* _DIRECTIONS_
Every picture should be left out, but the lines below must be repeated exactly.

* _COLLECTED DATA_
:::::

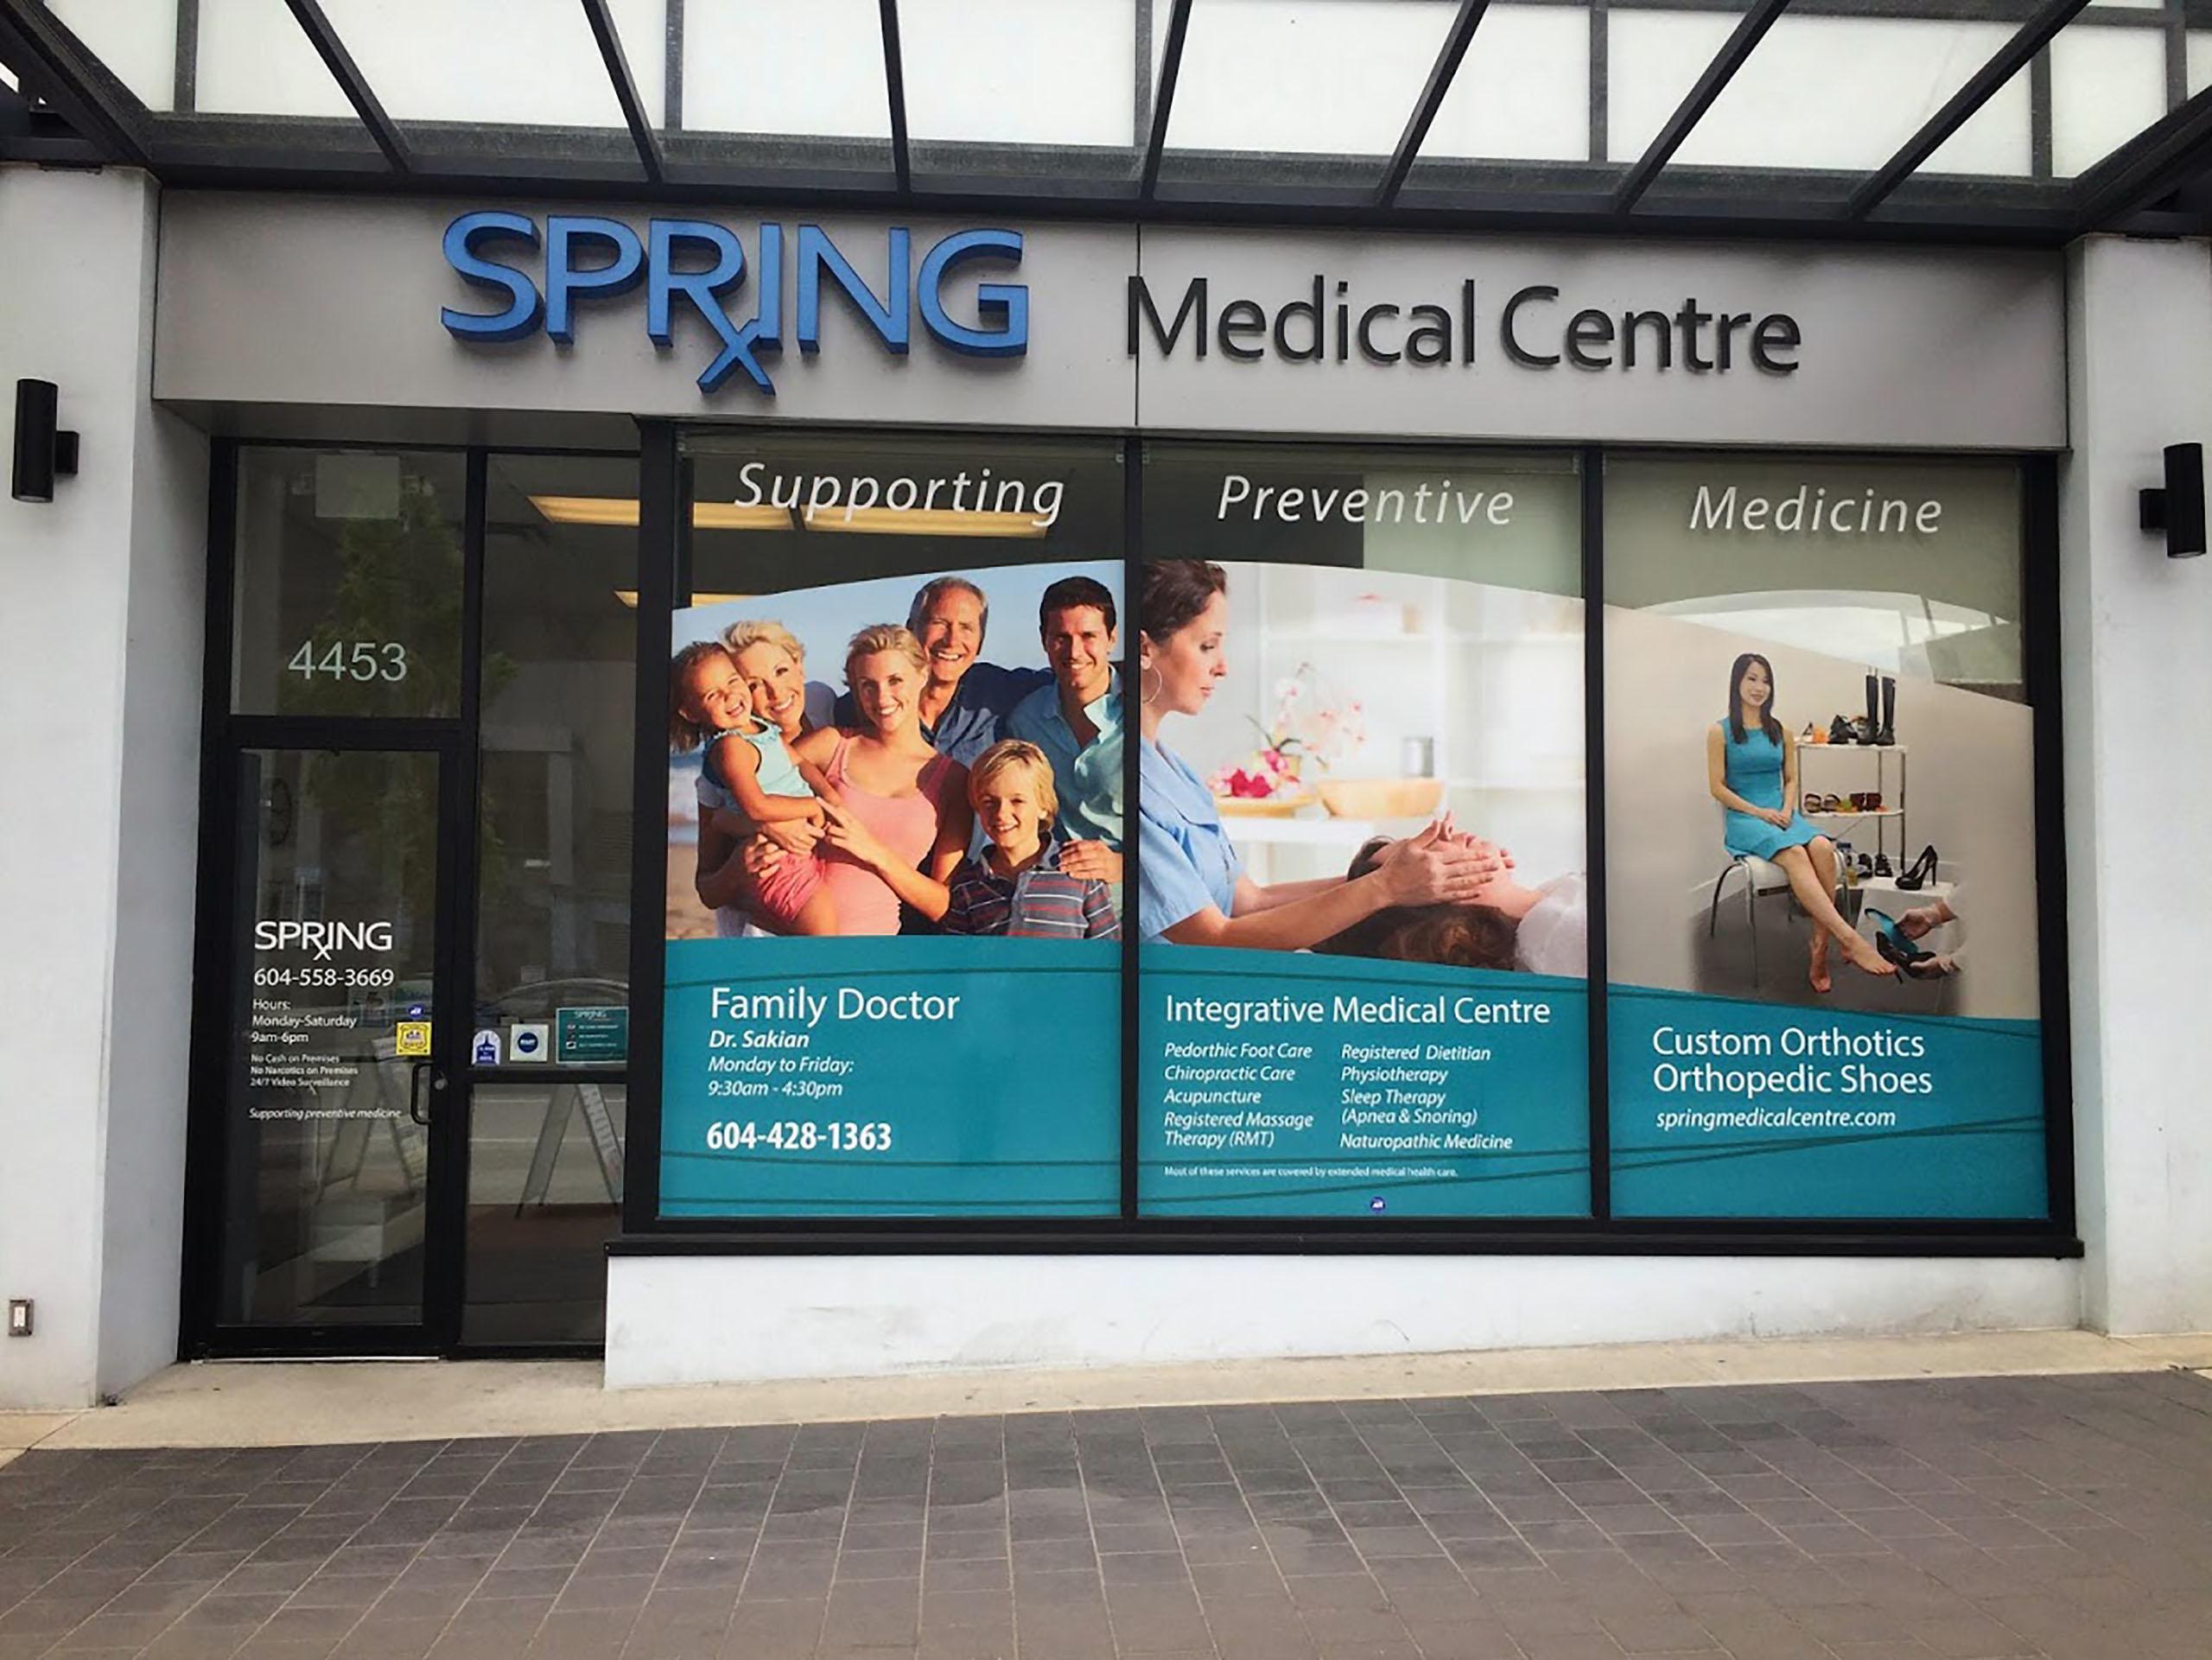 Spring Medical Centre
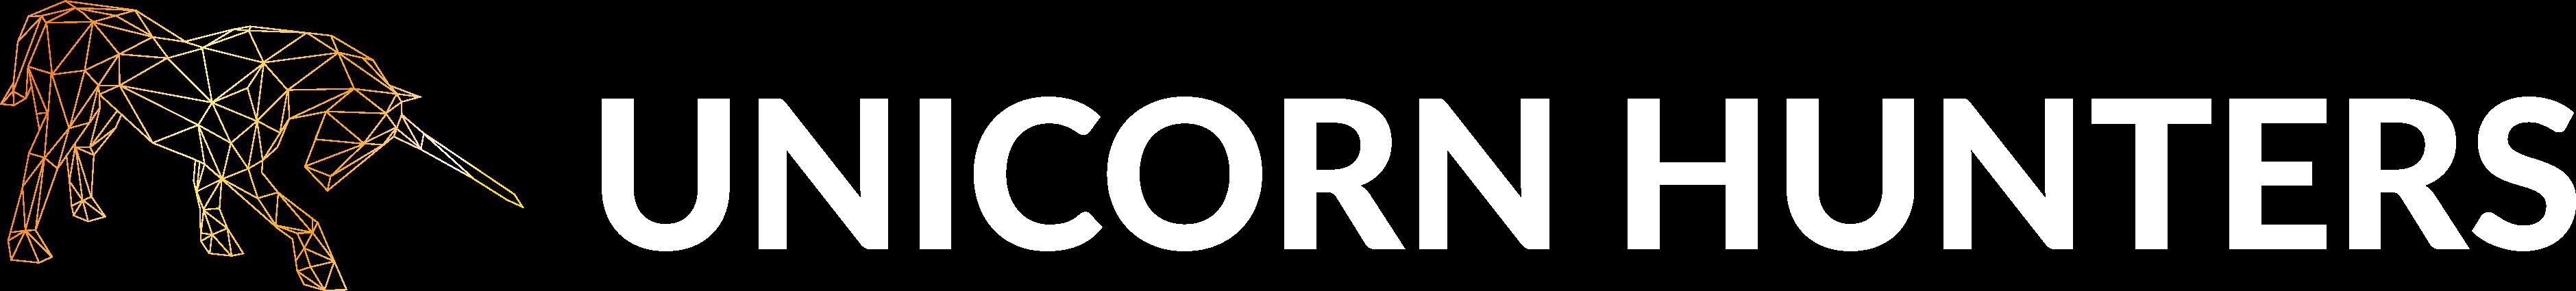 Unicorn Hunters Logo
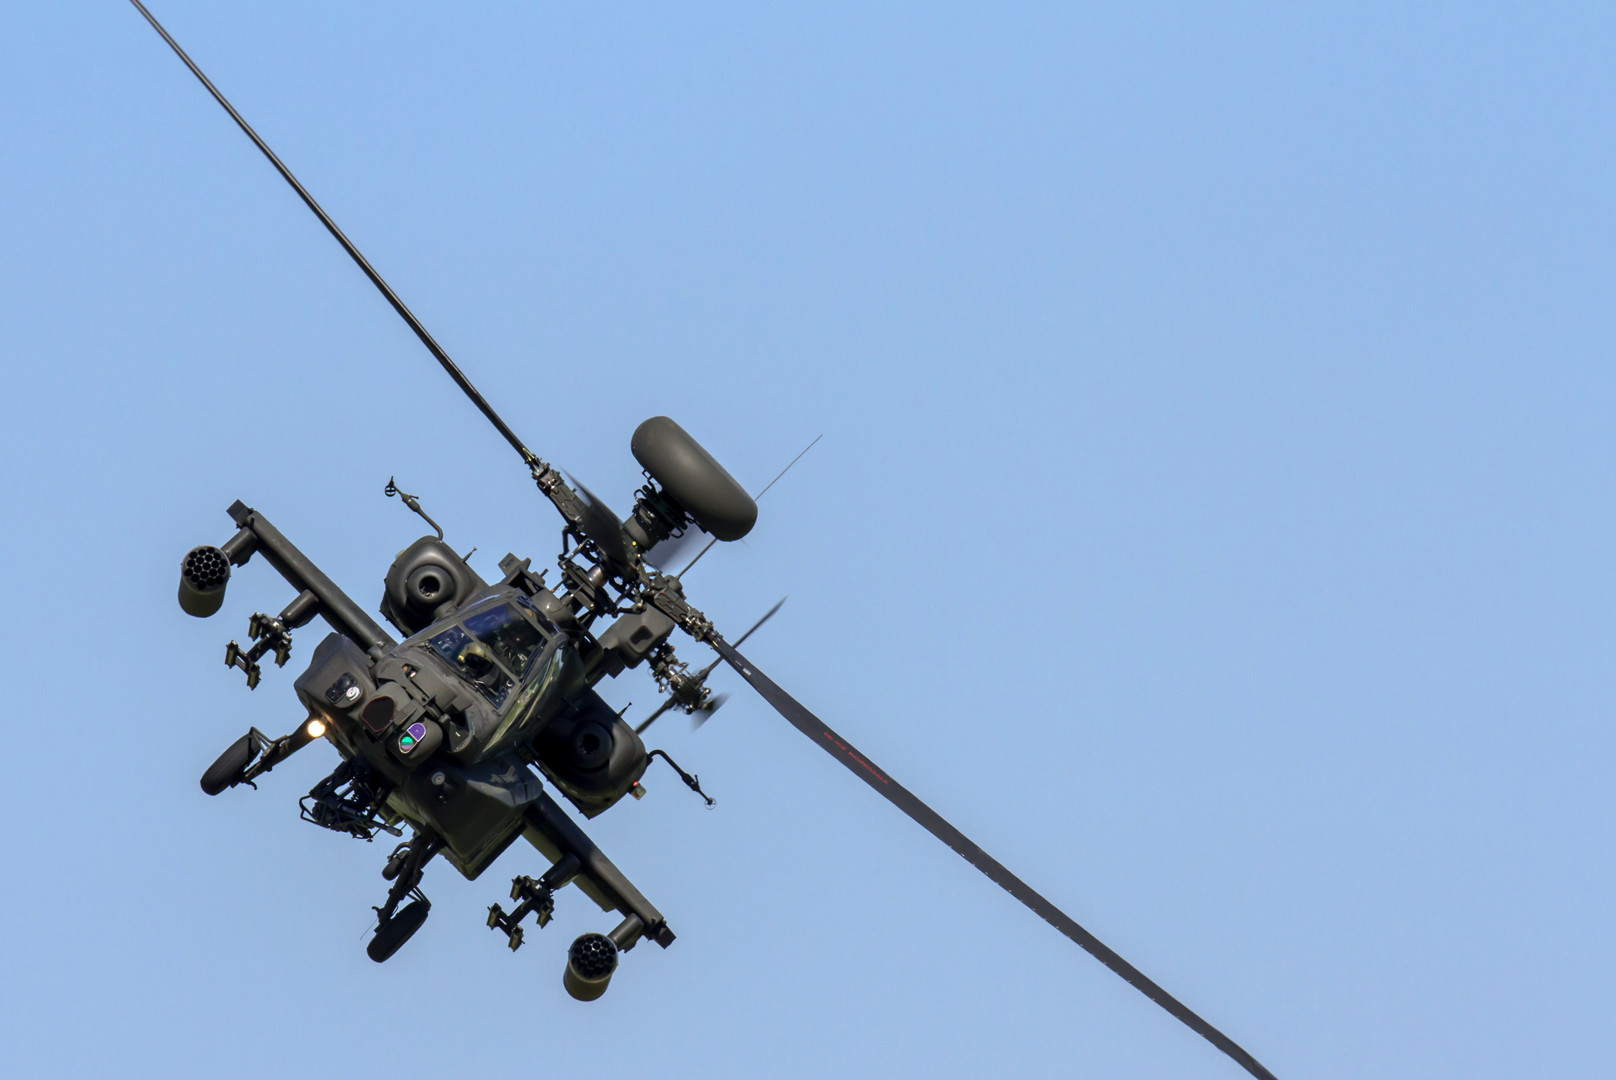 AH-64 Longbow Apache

:::::

* _EXERCISE RESULT_
 Spring Medical Centre
 Unicorn Hunters Logo
 AH-64 Longbow Apache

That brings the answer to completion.